Może ktoś mi coś doradzi?

----------


## CityMatic

> Witam 
> Chciałabym kupić węża ogrodowego na bębnie 50m i zastanawiam się jaki wybrać , głównie chodzi mi przekrój węża - 1/2 czy 3/4 ?
> Może ktoś mi coś doradzi?


Większość osprzętu jest na 1/2" , a i takie 50 mb jest bardzo nieporęczne i ciężkie.
Na takim odcinku następuje też duży spadek ciśnienia i duże prawdopodobieństwo zmięcia węża podczas normalnej eksploatacji.... ...... trudno jest coś sensownego doradzić - może coś w stylu łączenia ? np 20mb 3/4 i 30mb1/2 złączka 1/2 x 3/4 wtedy będzie i do końcówek i trwalszy wąż
Pozdrawiam

----------


## beatagl

wąż 50 m 3/4 waży 6kg  -10 kg
wąż 50m 1/2 waży 3kg - 7kg

Bardziej chodzi mi właśnie o ciśnienie, 1/2 daje rade na 50m  ?

----------


## CityMatic

Daje.Tylko z ilością wody troszkę gorzej.Aby doraźnie podlać np nowo posadzone roślinki się nadaje, aby napełnić basen dla dzieci już nie.
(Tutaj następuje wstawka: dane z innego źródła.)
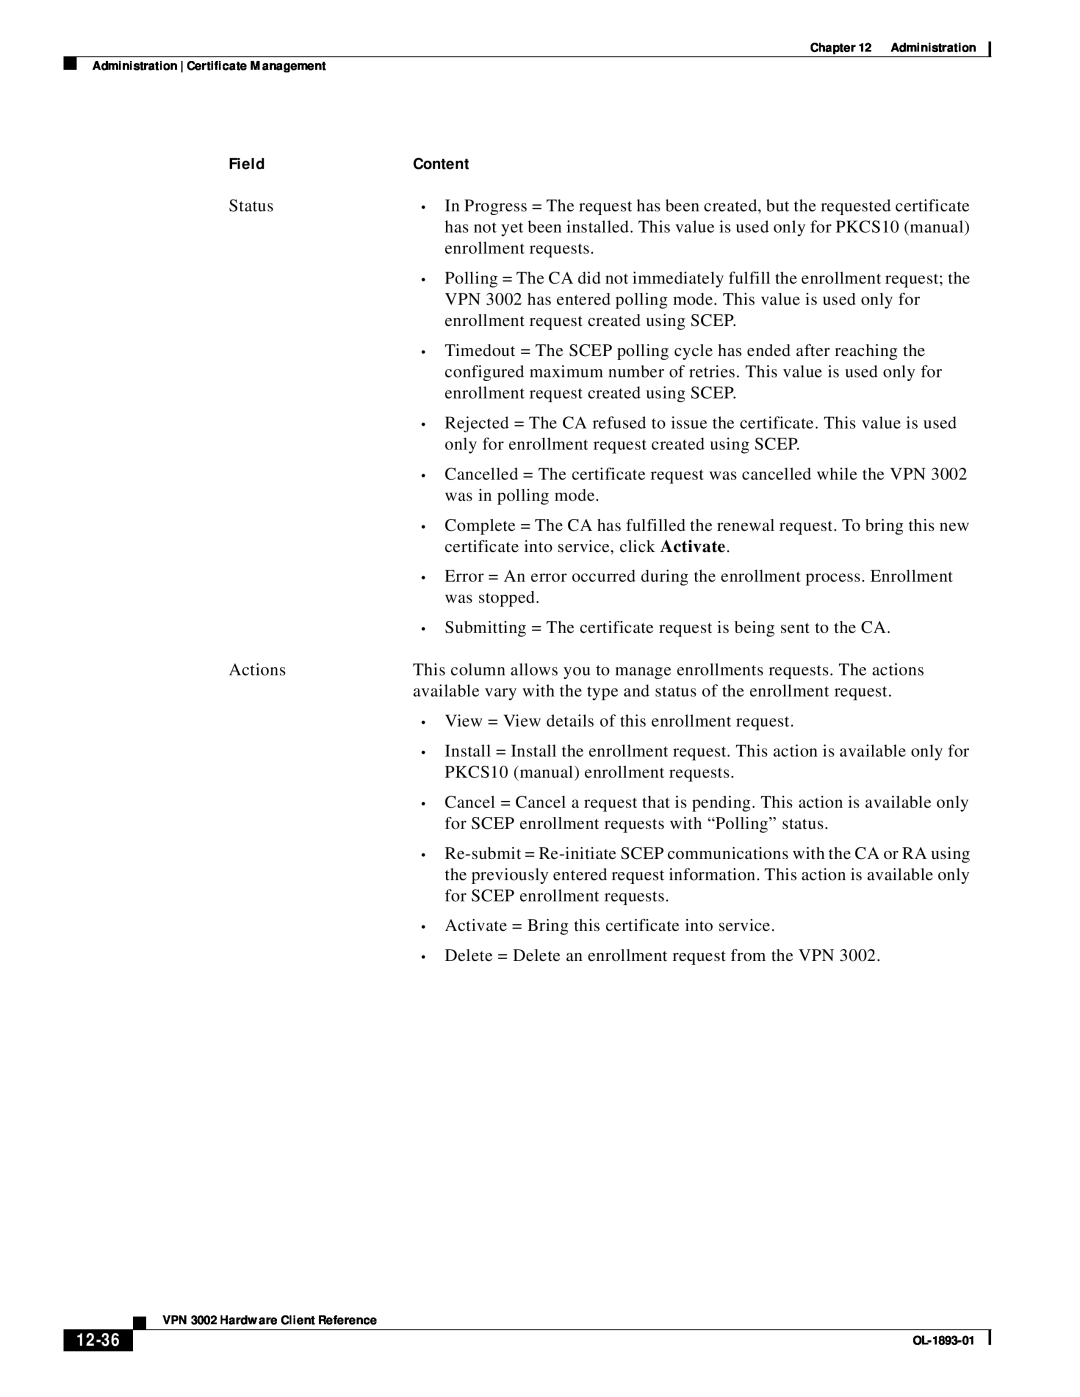 Cisco Systems VPN 3002 manual 12-36, Field, Content, Status

Konkretnie kup 3/4 z niezbędnymi końcówkami dłużej Ci posłuży i w domu będzie miał większe zastosowanie.

----------


## firewall

mam od lat  półcalowy i nie widzę problemów z podlewaniem jak również z wydajnością.
A  basen najlepiej wypełnia się z hydrantu :cool:

----------


## beatagl

> mam od lat  półcalowy i nie widzę problemów z podlewaniem jak również z wydajnością.
> A  basen najlepiej wypełnia się z hydrantu


Masz 50 metrowy ?

----------


## firewall

tak

----------


## phans

> mam od lat  półcalowy i nie widzę problemów z podlewaniem jak również z wydajnością.
> A  basen najlepiej wypełnia się z hydrantu


 :Smile: 

Przy 50m to już 3/4 cala oraz zraszacz (np. sitkowy), przyłącze kranowe i szybkozłączki profi-system firmy gardena - normalne szybkozłączki czy to na 1/2 czy 3/4 cala mają taką samą średnicę wewnętrzną. Największe straty ciśnienia mamy na średnicy węża ale również trzeba pamiętać o wszelkich zwężeniach na przyłączach, złączkach itd.
Gdyby ktoś miał namiar na lepsze systemy konkurencji to proszę dać znać.

----------


## adamfcb

Odswieze troszke, potrzebuje przeciagnac ok 30-35m weza (jakby na stale) i chce uzyc najtanszego, bo nie bedzie zwijany. Czy zraszacz bedzie mial jakies problemy dzialac na tylu metrach 1/2cala? jest sporo tanszy niz 3/4. a zraszacz aquazoom 350/2 ma do opryskania prostokat 14x6.

----------